Antibiotic resistance and virulence traits in clinical and environmental Enterococcus faecalis and Enterococcus faecium isolates

This study compared virulence and antibiotic resistance traits in clinical and environmental E. faecalis and E. faecium isolates. E. faecalis isolates harboured a broader spectrum of virulence determinants compared to E. faecium isolates. The virulence traits Cyl-A, Cyl-B, Cyl-M, gel-E and esp were tested and environmental isolates predominantly harboured gel-E (80% of E. faecalis and 31.9% of E. faecium) whereas esp was more prevalent in clinical isolates (67.79% of E. faecalis and 70.37 % of E. faecium). E. faecalis and E. faecium isolated from water had different antibiotic resistance patterns compared to those isolated from clinical samples.

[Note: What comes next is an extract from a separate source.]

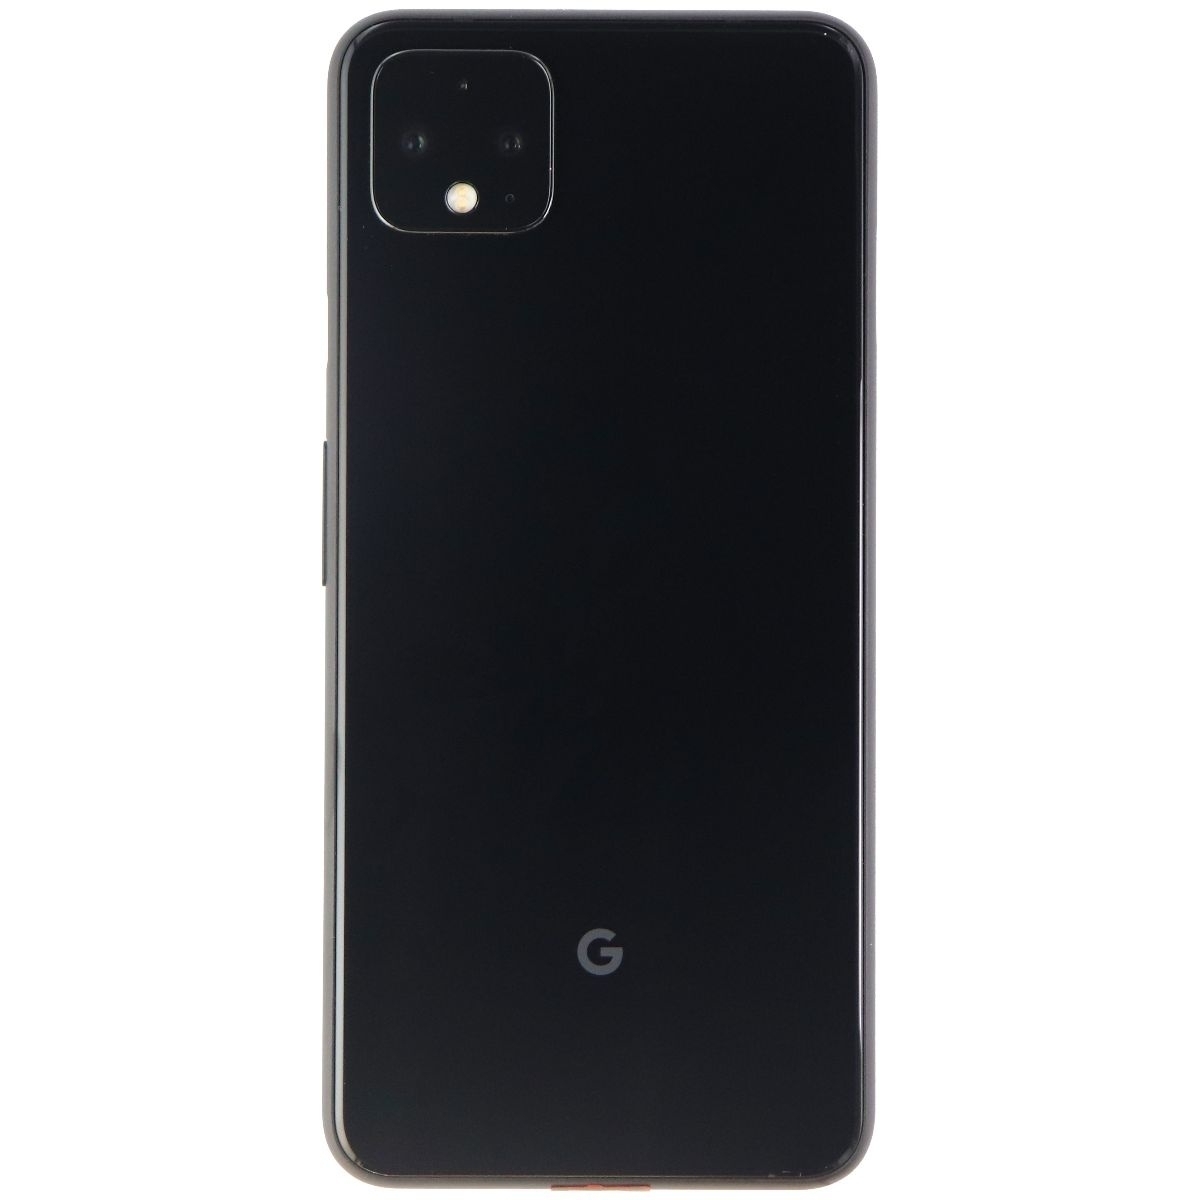 Google Pixel 4 XL (6.3-in) Smartphone (G020J) Verizon ONLY - 128GB / Just Black (Refurbished)

Linozolid resistance was not observed in any isolates tested and vancomycin resistance was observed only in clinical isolates. Resistance to other antibiotics (tetracycline, gentamicin, ciprofloxacin and ampicillin) was detected in both clinical and water isolates. Clinical isolates were more resistant to all the antibiotics tested compared to water isolates. Multi-drug resistance was more prevalent in clinical isolates (71.18% of E. faecalis and 70.3 % of E. faecium) compared to water isolates (only 5.66 % E. faecium). tet L and tet M genes were predominantly identified in tetracycline-resistant isolates. All water and clinical isolates resistant to ciprofloxacin and ampicillin contained mutations in the gyrA, parC and pbp5 genes. A significant correlation was found between the presence of virulence determinants and antibiotic resistance in all the isolates tested in this study (p<0.05). The presence of antibiotic resistant enterococci, together with associated virulence traits, in surface recreational water could be a public health risk.